DATA EXTRACT:
__________

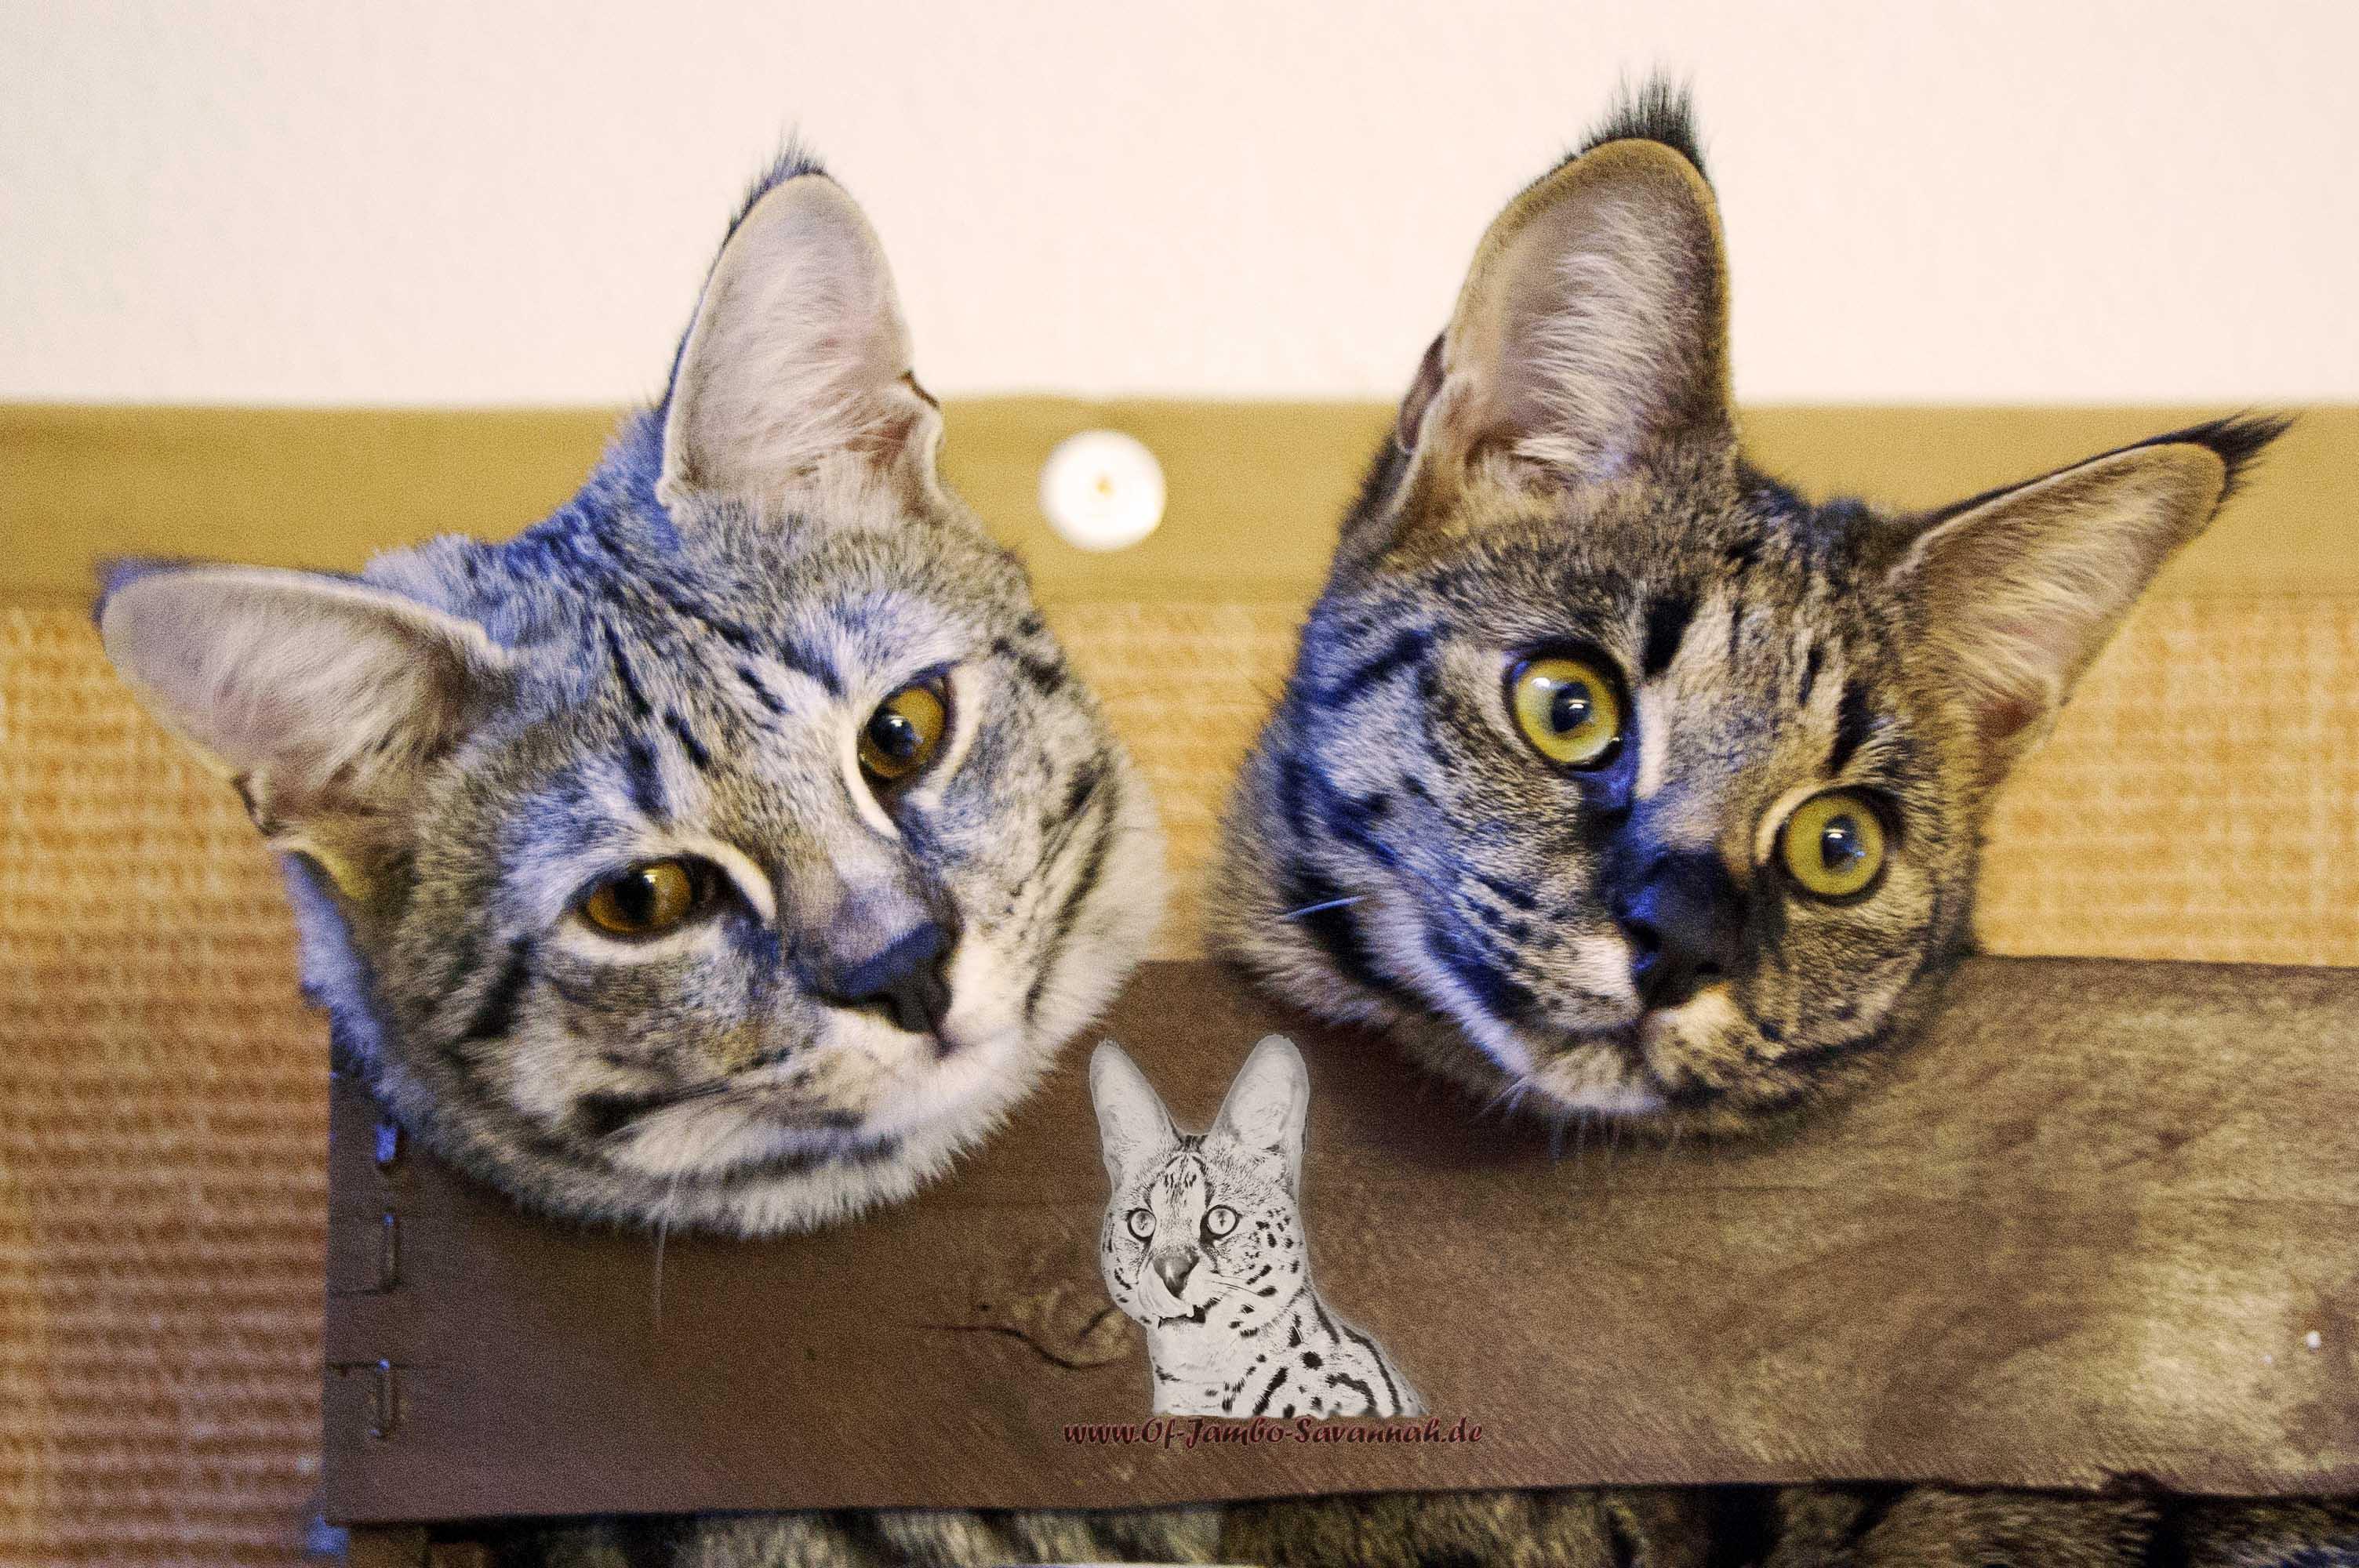 f1 savannah emma und elli of jambo savannah cats. Black Bedroom Furniture Sets. Home Design Ideas
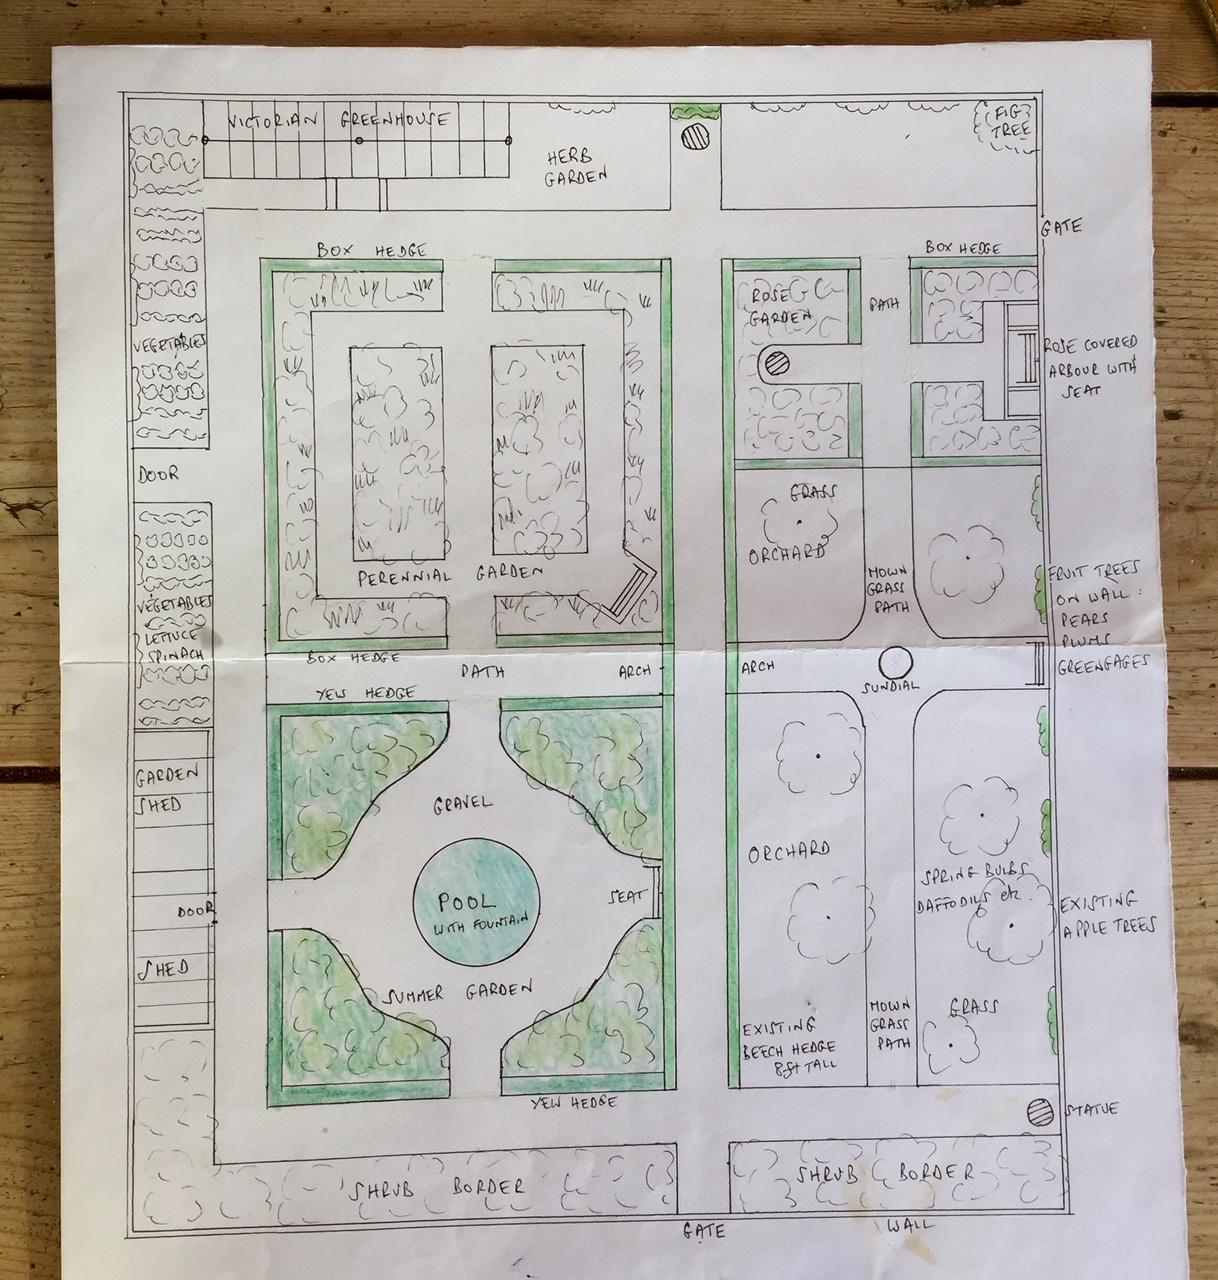 Garden plan for Glanesfort - sq.jpg
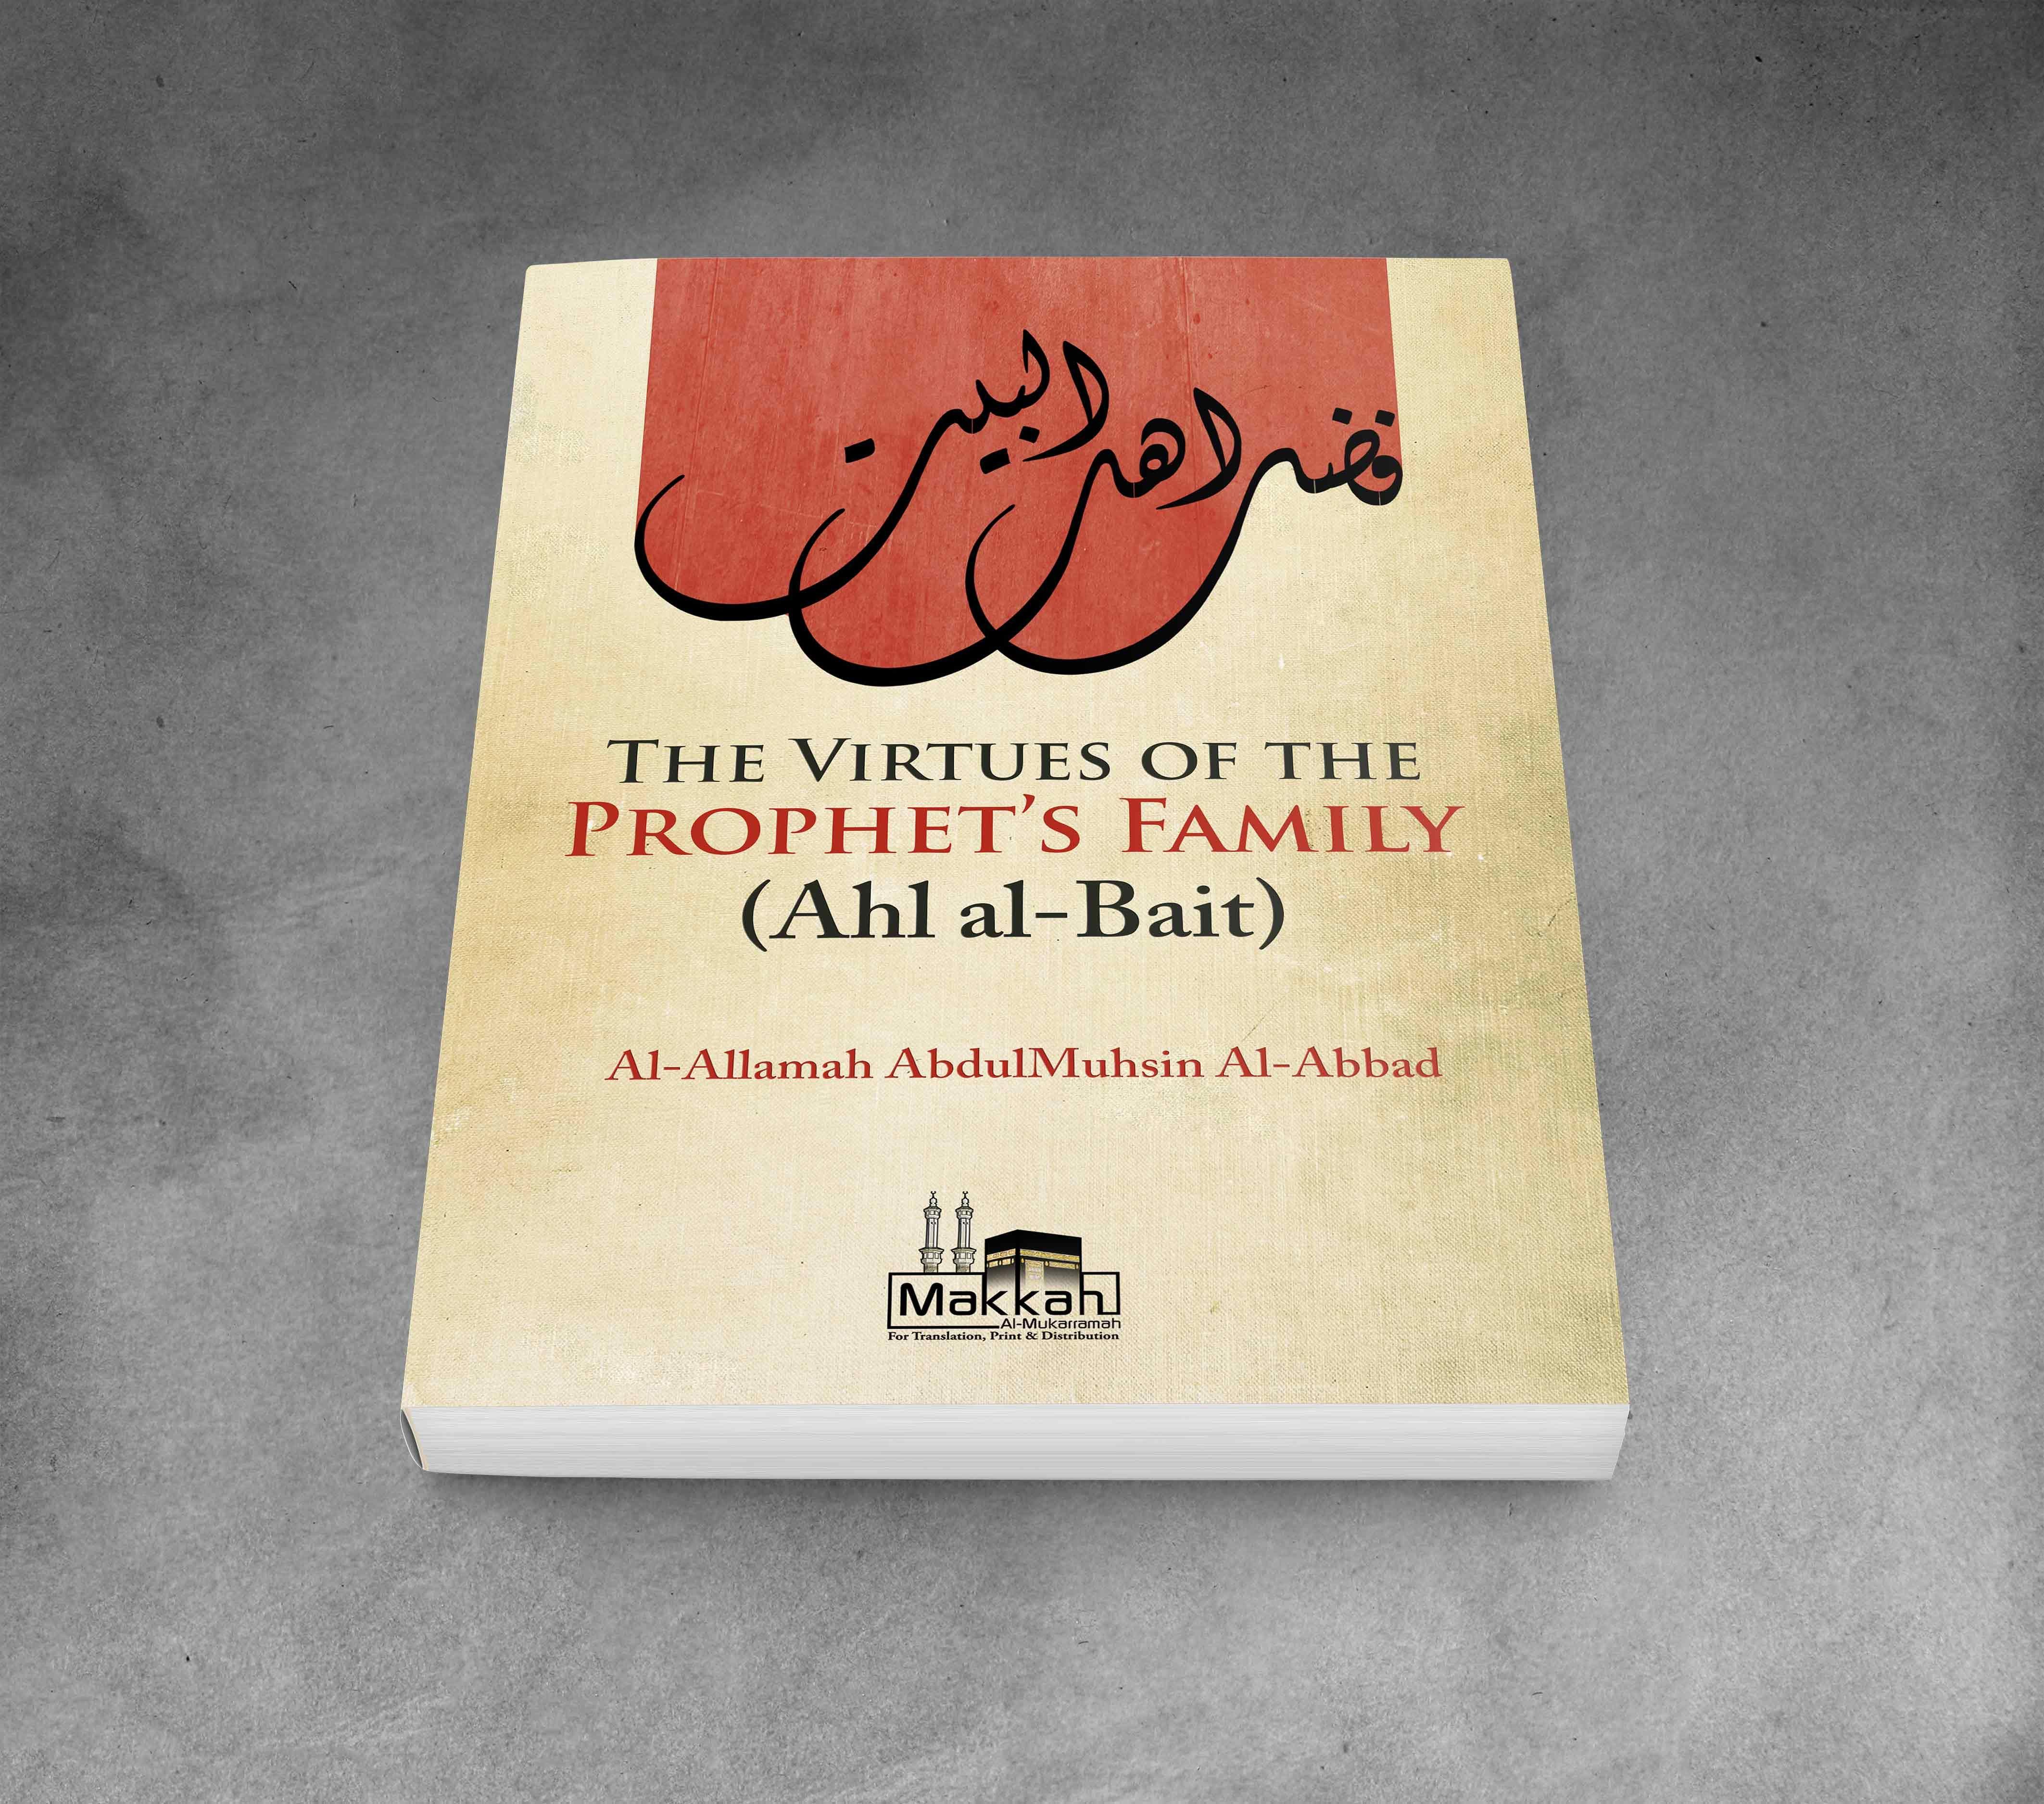 Shia books Islamic art calligraphy Islamic calligraphy

__________

WHAT THIS TASK INVOLVES: Pictures aside, reproduce all of the material above without alteration.

YOUR RESPONSE:
 f1 savannah emma und elli of jambo savannah cats. Black Bedroom Furniture Sets. Home Design Ideas
 Garden plan for Glanesfort - sq.jpg
 Shia books Islamic art calligraphy Islamic calligraphy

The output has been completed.